● Problem details: Find the line with "2019 Aston Martin" in the records below. Output exactly from there until after the line with "Chrysler Sebring Door", without pictures.

● Provided material:
● ● ● ● ● ● ●
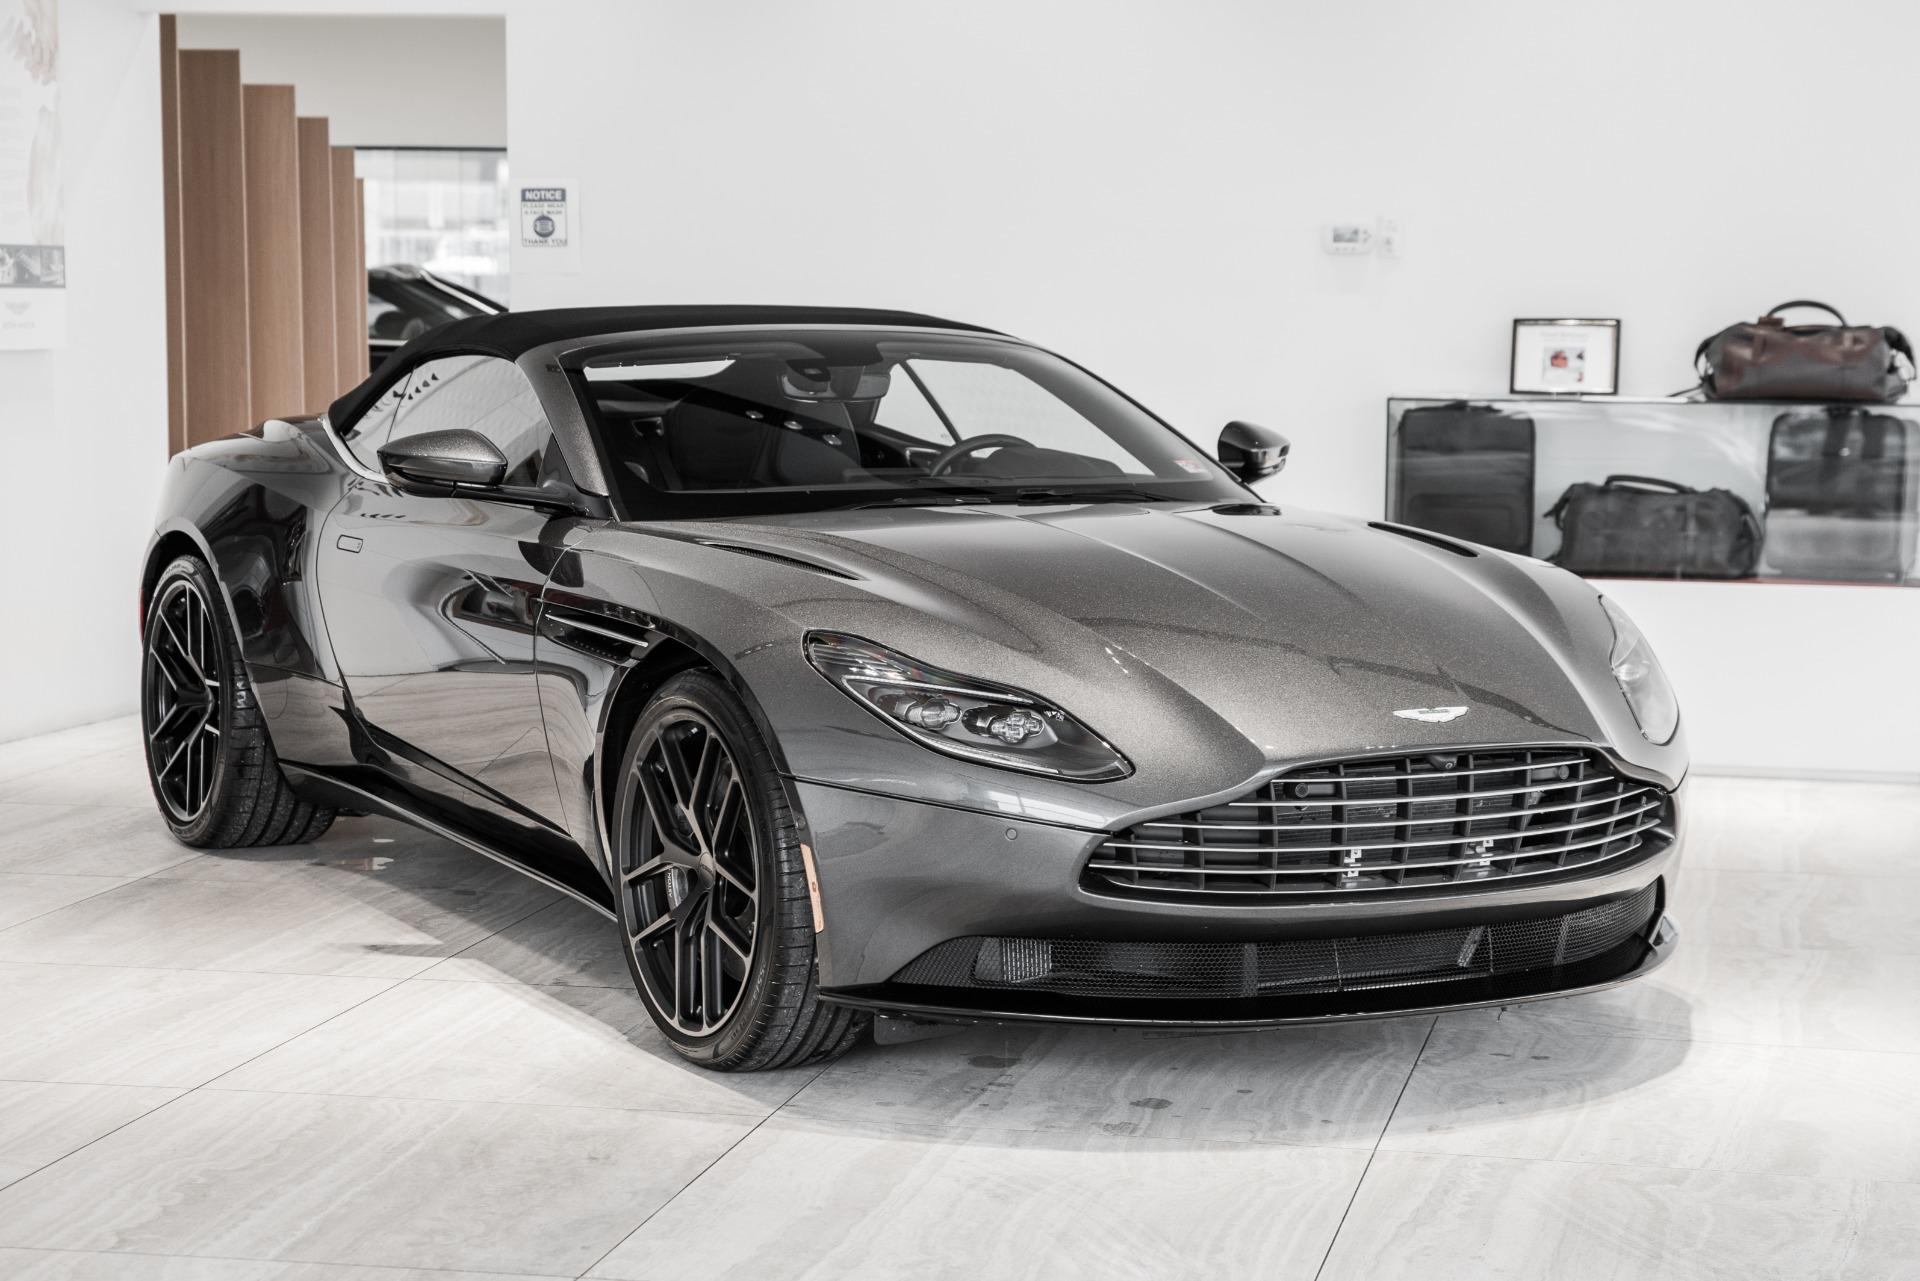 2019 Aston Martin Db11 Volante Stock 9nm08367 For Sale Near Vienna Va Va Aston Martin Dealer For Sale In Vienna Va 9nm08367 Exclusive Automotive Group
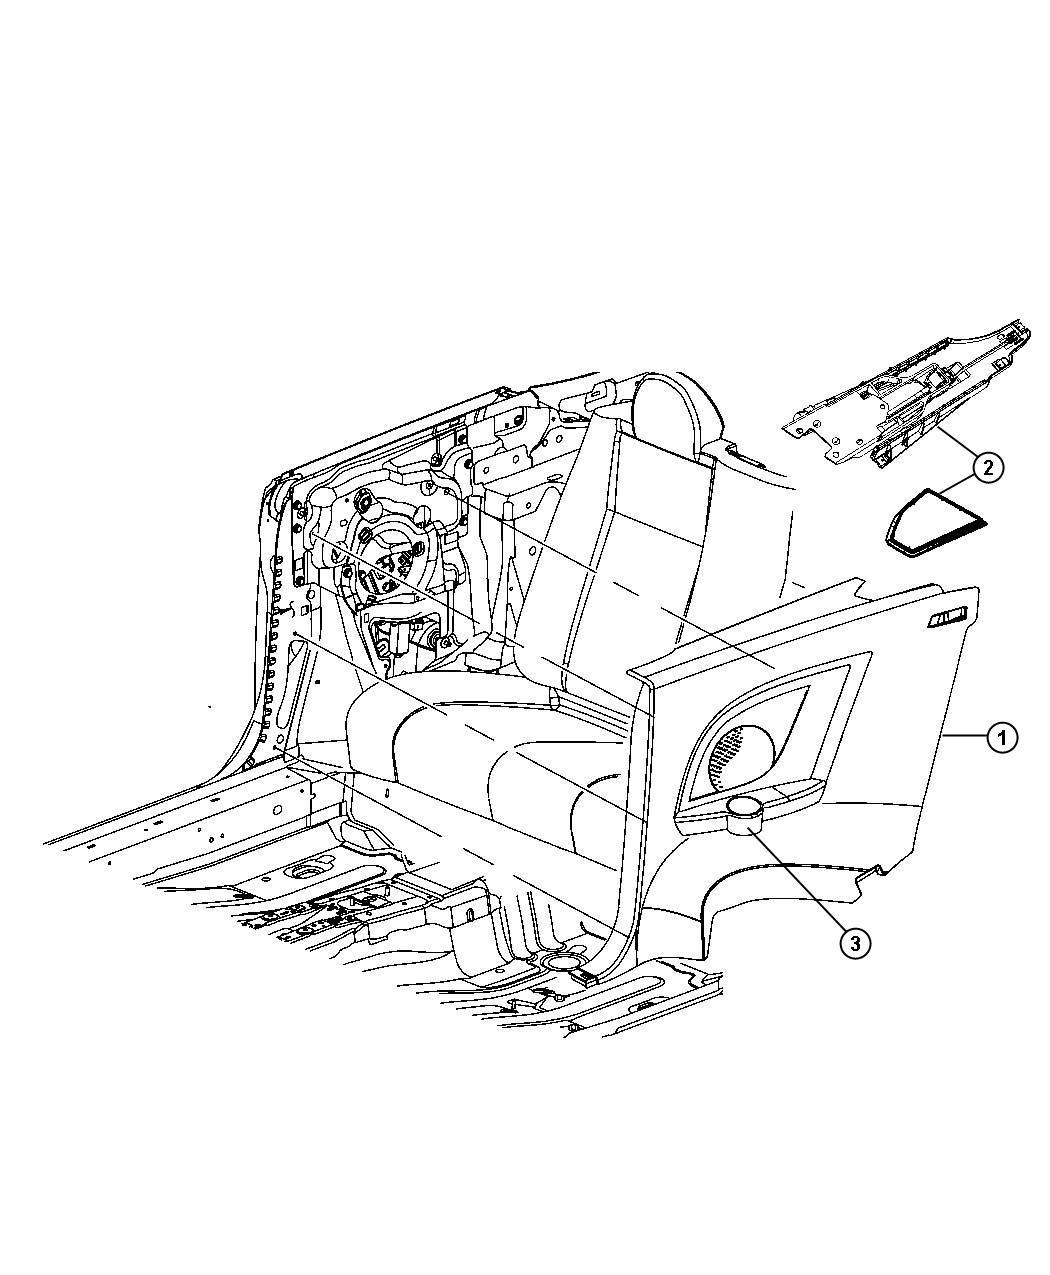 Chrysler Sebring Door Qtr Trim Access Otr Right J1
● ● ● ● ● ● ●
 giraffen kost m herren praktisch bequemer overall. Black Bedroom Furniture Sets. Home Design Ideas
● ● ● ● ● ● ●
● Answer to this problem:
 2019 Aston Martin Db11 Volante Stock 9nm08367 For Sale Near Vienna Va Va Aston Martin Dealer For Sale In Vienna Va 9nm08367 Exclusive Automotive Group
 Chrysler Sebring Door Qtr Trim Access Otr Right J1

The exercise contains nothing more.